Adrian Dorado dijo...

Mira chaval:Dí que manejas bien eso de la intriga y el susupenso, has dejado a mi corazón palpitando como le ha quedado al bueno del propietario de las apareadas sombras. Y utilicé el término "apareadas" con toda mi intención pues preferiría que se decidieran a hacer (esa noche que según parece es definitiva), una buena refregada de genitales la una con otra (supongo que ya se han entrado que son de sexos opuestos,o no?) antes de que se les ocurra la macabra idea de cortarte las bolas con la intención de que, salidas a pasear a la estrastósfera cogidas de tí como un globo aerostático, fueran a visitar a sus tías abuelas habitantes de un geriátrico en las afueras de Stemplenford en plena campiña británica.
Que lo llevas bien... lo llevas bien...

Anónimo dijo...

Te sigo y encantado con el relato de LA SOMBRA.
Sobre tu aclaración acerca de la coincidencia en el tiempo de tu relato "LA SOMBRA" y el cortometraje "La increible historia del hombre sin sombra", te diré que pienso que la vida está llena de casualidades, y como ejemplo, el que en varias de tus entradas mencionas a Johan Sebastian Bach, yo en mis incursiones en emisoras heavymetaleras, escucho a Sebastian Bach, de quien hasta hace poco no tenía conocimiento de su existencia, había pensado comentarte esta coincidencia, y casualidad, te adelantas escribiendo una entrada sobre Johan Sebastian Bach, aprovecho ésta para hacerte el comentario; seguidamente leo el capítulo séptimo de "LA SOMBRA" y aparace el bar de Sebastián, esta vez con acento. Hay que reconocer que es un nombre que da mucho juego.

Anónimo dijo...

Sr. Carabias y resto de seguidores de este blog y de este relato en particular, reconozco que ha conseguido intrigarme con esta historia. Aunque no me creo que no sepa usted cuál es el desenlace de este relato, le digo que ya no me importa. He decidido seguir el ritmo que usted proponga a los lectores.

Amando Carabias dijo...

Adrián, efectivamente la noche parece definitiva, pero con este Zanguango nunca se sabe. Todavía está por demostrar, al menos John Black Shadow no lo ha hecho, que las sombras dispongan de genitalidad.

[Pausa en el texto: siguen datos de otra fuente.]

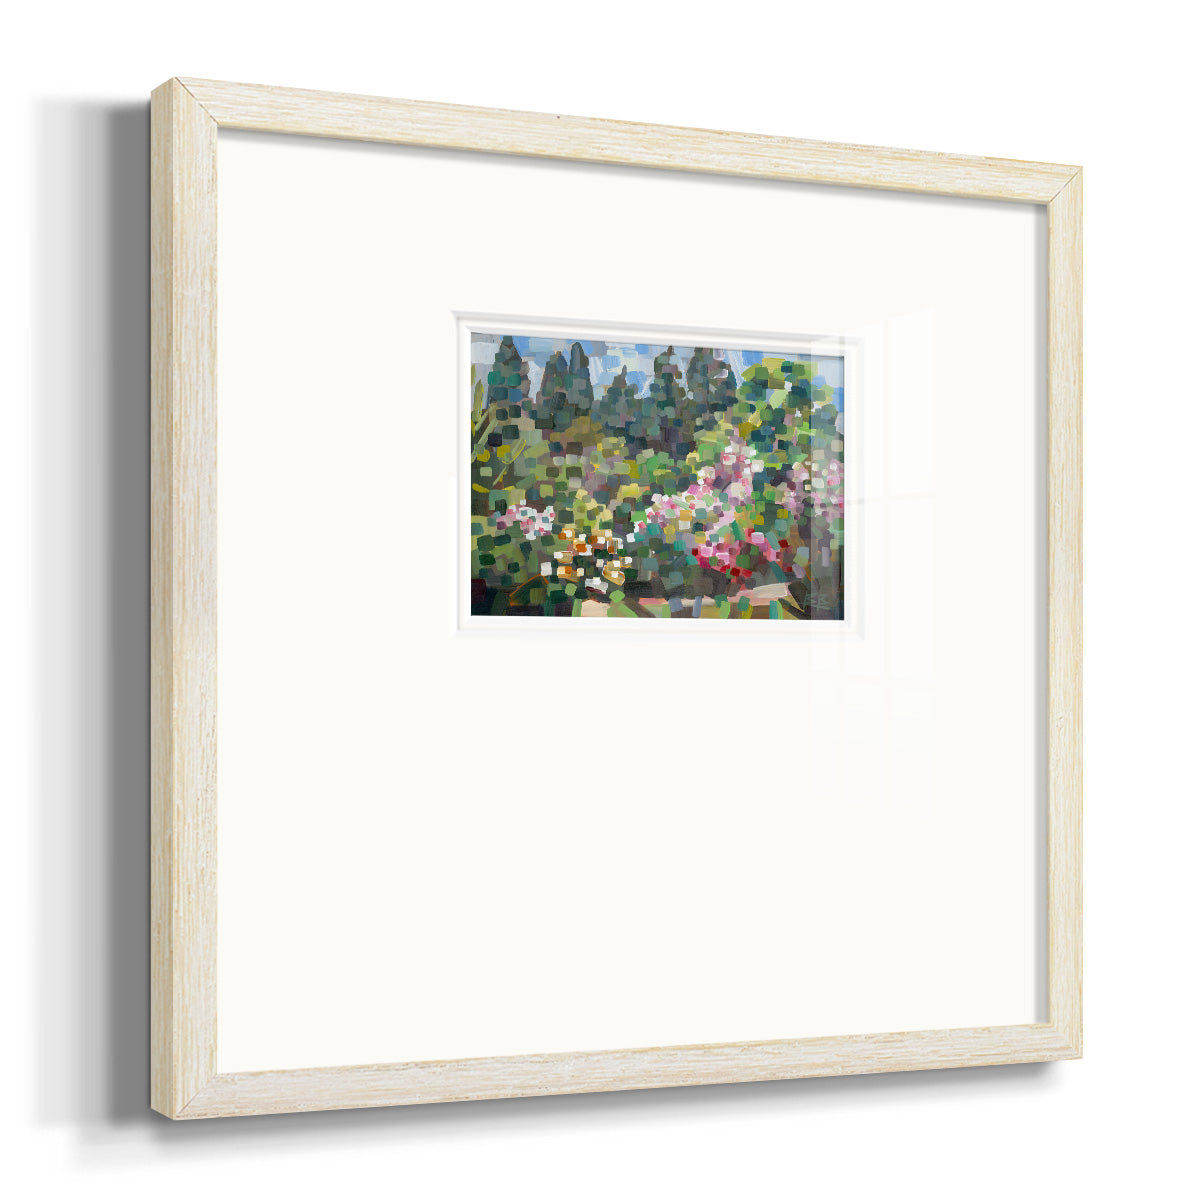 Arboretum in Spring- Premium Framed Print Double Matboard

Javier, efectivamente la casualidad es un elemento fundamental en la vida, pero algunas veces conviene dejar las cosas claras, para por si acaso. Tú ya me entiendes. Que los hay que les puede dar por pensar cosas extrañas.

Porfirio de la Cruz, gracias por su comentario, y espero satisfacerle a usted, y al resto de los lectores con la expectación que se está creando...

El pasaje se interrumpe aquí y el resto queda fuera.